CFPB Enters Into Consent Order with Bank Resolving Allegations of Force-Placed-Insurance

On July 9, 2024, the Consumer Financial Protection Bureau (CFPB) announced that it entered into a consent order with a national bank, resolving allegations related to the bank’s auto lending practices.

The consent order​ ​​related to auto lending practices resolves allegations that the bank’s practices related to force-placed insurance policies violated the Consumer Financial Protection Act of 2010 (CFPA), 12 U.S.C. §§ 5531, 5536; the Fair Credit Reporting Act (FCRA), 15 U.S.C. § 1681s-2; and the Electronic Fund Transfer Act (EFTA), 15 U.S.C. § 1693e(b) and Regulation E, 12 C.F.R. § 1005.10​​.  Specifically, the CFPB alleged that the bank took out and retained these insurance policies – meant to protect a lender’s interest in the loan’s physical collateral – on vehicles for which borrowers already had their own, separate insurance.  According the Consent Order, around 50% of the loans on which the bank force-placed insurance fell into this category. These policies, the cost of which were passed along to the consumer, resulted in increased repossessions, which the CFPB accused the bank of underreporting as well.
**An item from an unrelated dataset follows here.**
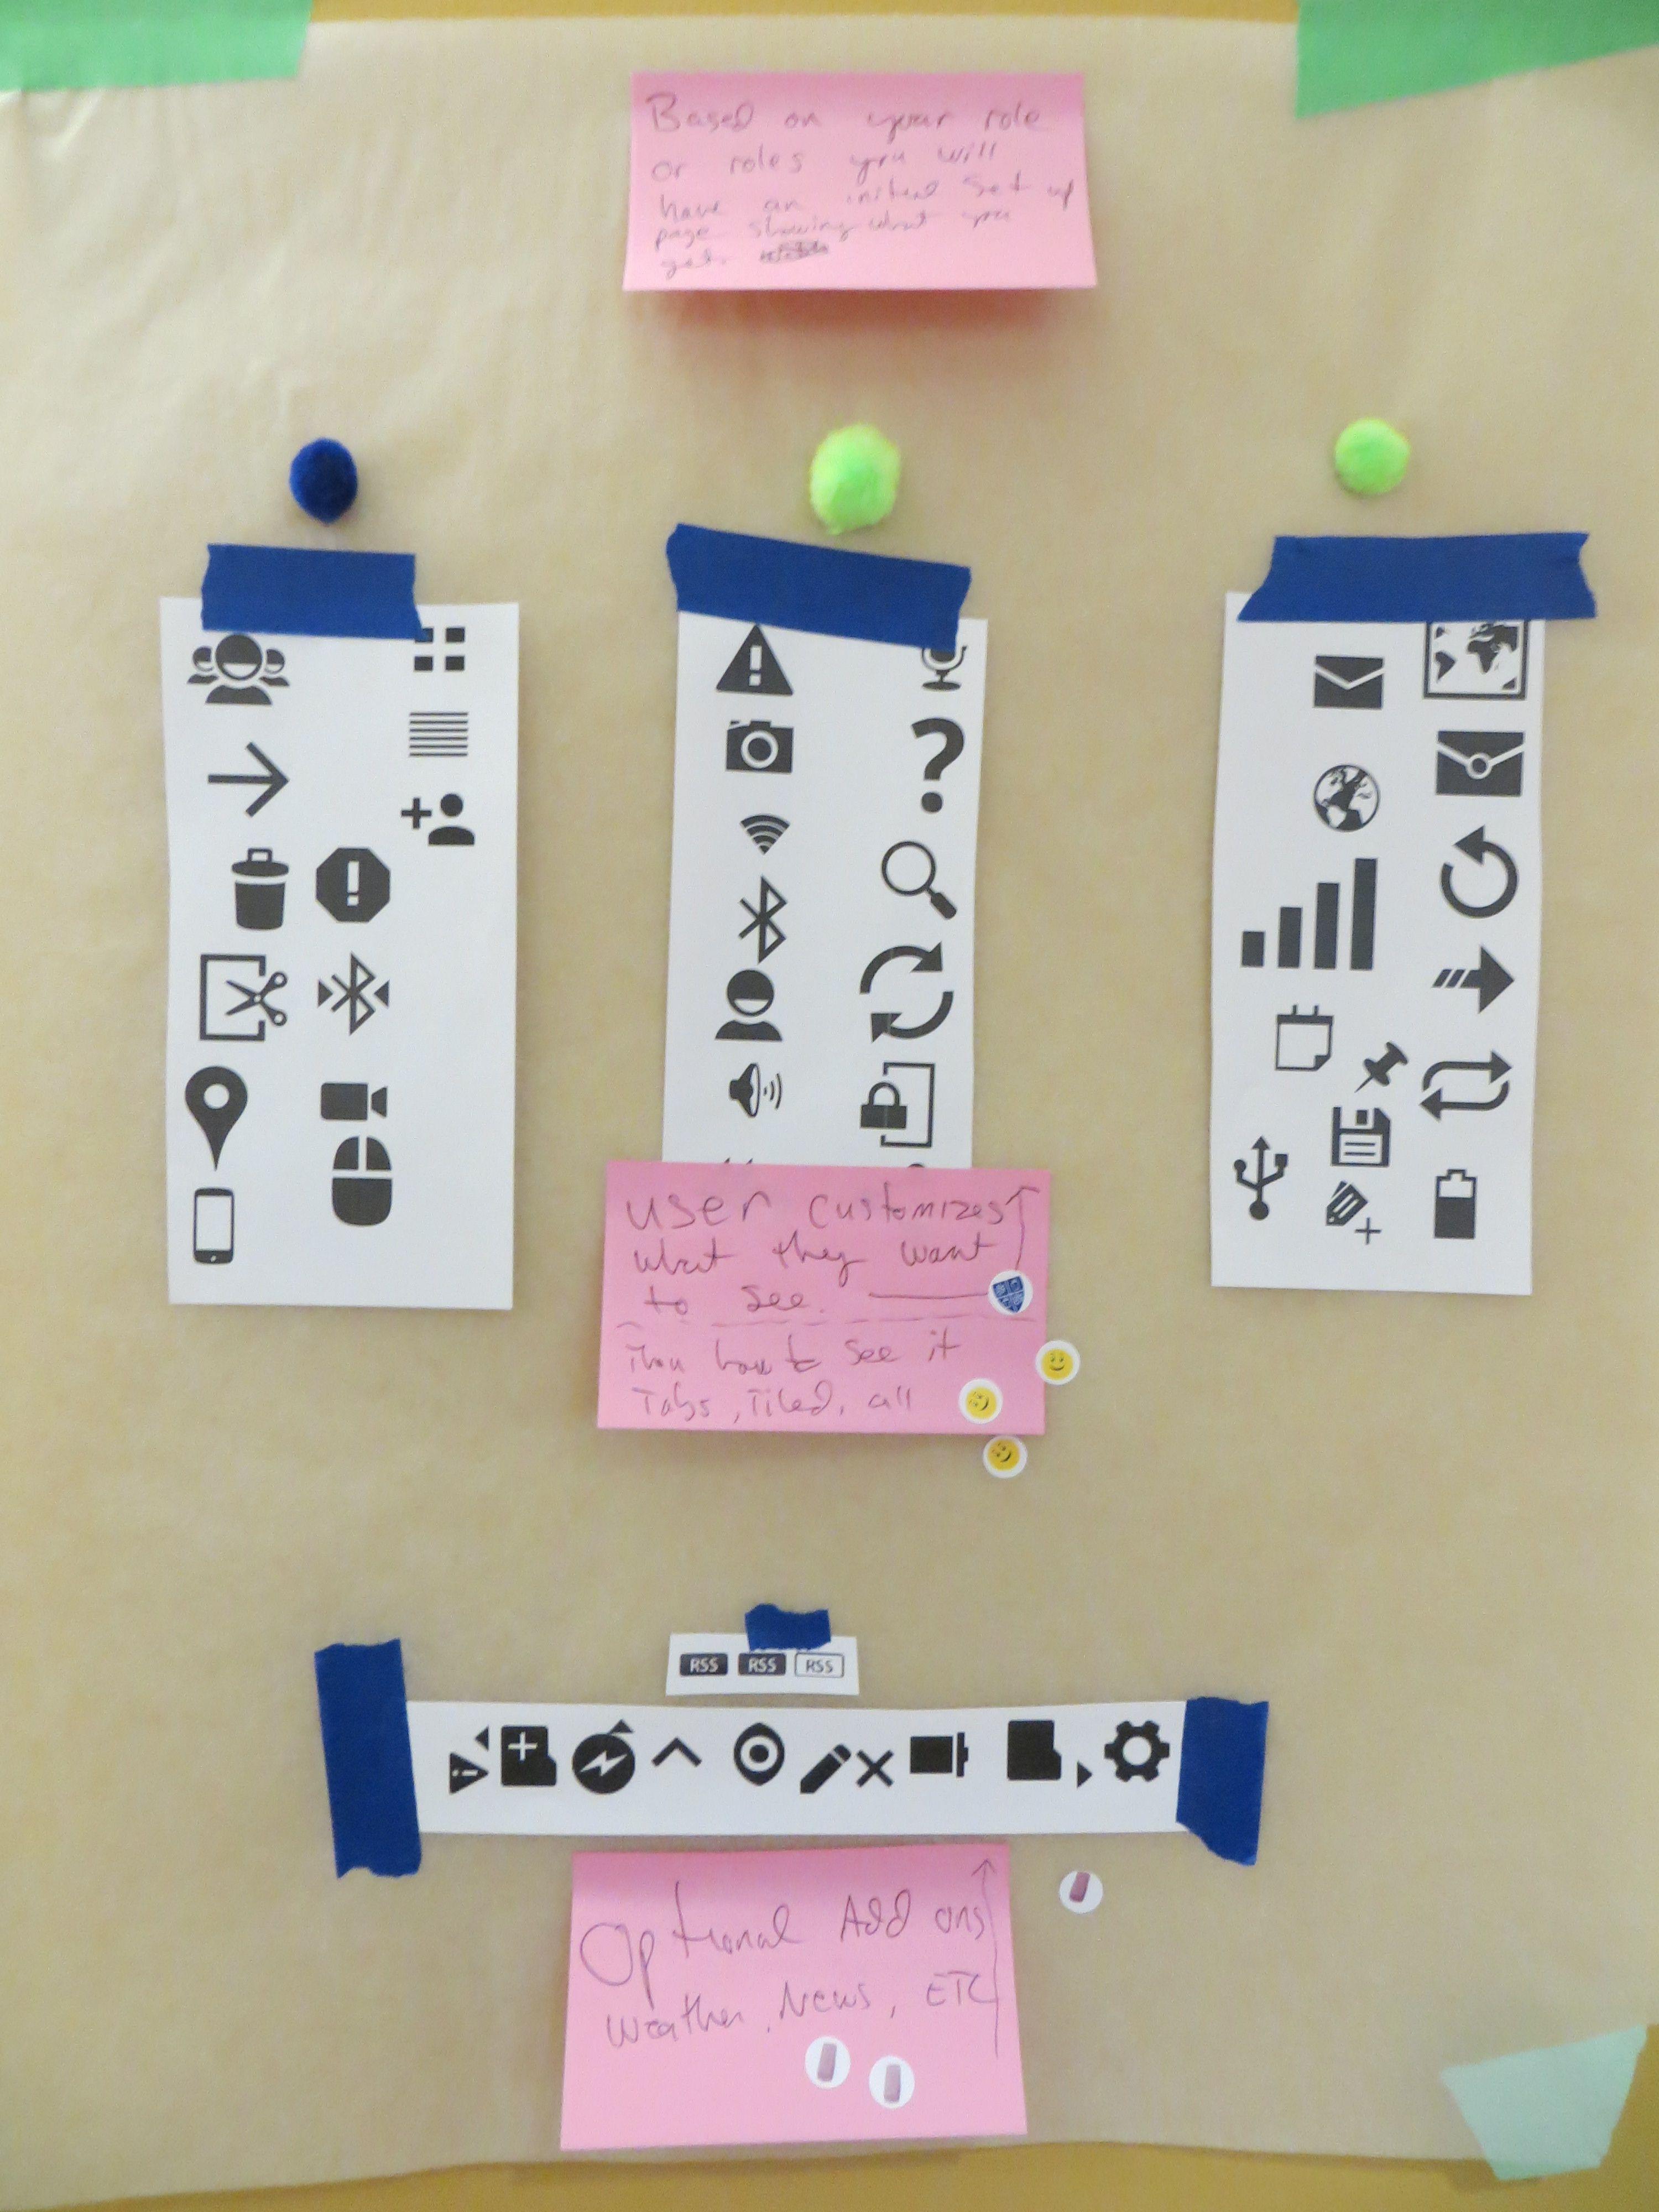 Pin on Design Thinking Prototypes

The CFPB also alleged that the bank failed to provide adequate disclosures around and notice of such force-placed policies to affected consumers.

Under the terms of this consent order, the bank has agreed to pay a civil monetary penalty of $5 million and provide redress to allegedly harmed customers. ​​​​​This consent order was announced jointly with the CFPB’s proposed judgment against this bank in a separate lawsuit stemming from allegations that it improperly opened unauthorized consumer accounts.